§ TRY IT:
The line containing "Alternate Image 1" marks where to begin; quote it and every line after it through the end of the data, exactly as written.

§ DATA SHOWN:
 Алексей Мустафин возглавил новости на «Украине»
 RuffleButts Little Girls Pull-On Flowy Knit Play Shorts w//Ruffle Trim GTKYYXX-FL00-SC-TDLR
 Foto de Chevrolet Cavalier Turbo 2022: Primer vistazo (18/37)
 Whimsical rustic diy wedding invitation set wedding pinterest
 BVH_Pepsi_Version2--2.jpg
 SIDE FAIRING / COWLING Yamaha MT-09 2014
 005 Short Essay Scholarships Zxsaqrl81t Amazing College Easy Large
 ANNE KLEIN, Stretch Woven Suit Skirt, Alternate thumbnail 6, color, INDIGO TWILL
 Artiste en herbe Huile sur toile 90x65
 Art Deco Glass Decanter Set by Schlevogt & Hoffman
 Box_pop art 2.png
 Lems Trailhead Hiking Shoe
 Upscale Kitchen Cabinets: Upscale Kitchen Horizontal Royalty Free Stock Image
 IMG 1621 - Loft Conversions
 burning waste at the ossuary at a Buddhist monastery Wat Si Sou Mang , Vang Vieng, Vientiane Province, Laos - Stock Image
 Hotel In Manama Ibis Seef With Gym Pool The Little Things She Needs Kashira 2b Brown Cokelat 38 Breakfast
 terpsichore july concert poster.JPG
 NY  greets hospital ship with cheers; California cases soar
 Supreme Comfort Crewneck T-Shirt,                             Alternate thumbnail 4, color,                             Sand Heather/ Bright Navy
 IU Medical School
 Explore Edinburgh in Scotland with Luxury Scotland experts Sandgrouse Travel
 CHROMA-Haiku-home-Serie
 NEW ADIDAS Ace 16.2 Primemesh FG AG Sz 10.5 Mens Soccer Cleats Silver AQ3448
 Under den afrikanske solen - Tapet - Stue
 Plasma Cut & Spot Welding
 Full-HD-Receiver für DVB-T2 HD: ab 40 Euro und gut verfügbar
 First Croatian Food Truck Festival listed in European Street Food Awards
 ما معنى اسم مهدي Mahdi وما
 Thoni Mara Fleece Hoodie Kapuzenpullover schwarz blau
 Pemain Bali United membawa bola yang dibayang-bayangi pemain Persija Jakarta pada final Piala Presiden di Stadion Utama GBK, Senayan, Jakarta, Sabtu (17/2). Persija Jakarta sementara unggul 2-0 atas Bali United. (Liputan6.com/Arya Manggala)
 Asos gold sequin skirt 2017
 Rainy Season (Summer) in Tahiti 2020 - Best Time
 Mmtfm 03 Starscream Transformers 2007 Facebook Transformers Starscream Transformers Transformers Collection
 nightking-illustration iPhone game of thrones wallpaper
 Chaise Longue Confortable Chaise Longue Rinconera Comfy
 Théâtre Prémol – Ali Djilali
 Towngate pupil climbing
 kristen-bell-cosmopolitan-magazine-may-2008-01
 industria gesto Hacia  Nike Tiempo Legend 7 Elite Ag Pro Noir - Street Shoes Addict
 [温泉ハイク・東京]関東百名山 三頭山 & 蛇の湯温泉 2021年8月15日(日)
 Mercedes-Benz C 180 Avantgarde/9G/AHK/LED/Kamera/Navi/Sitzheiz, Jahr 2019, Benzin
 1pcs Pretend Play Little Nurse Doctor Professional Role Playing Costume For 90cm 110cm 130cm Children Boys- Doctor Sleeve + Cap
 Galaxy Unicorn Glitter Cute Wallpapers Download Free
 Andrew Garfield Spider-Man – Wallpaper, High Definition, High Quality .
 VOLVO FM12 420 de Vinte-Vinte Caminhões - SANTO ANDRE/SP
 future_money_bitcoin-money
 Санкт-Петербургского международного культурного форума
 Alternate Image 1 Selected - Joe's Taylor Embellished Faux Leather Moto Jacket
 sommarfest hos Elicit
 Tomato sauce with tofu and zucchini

§ TASK OUTPUT:
 Alternate Image 1 Selected - Joe's Taylor Embellished Faux Leather Moto Jacket
 sommarfest hos Elicit
 Tomato sauce with tofu and zucchini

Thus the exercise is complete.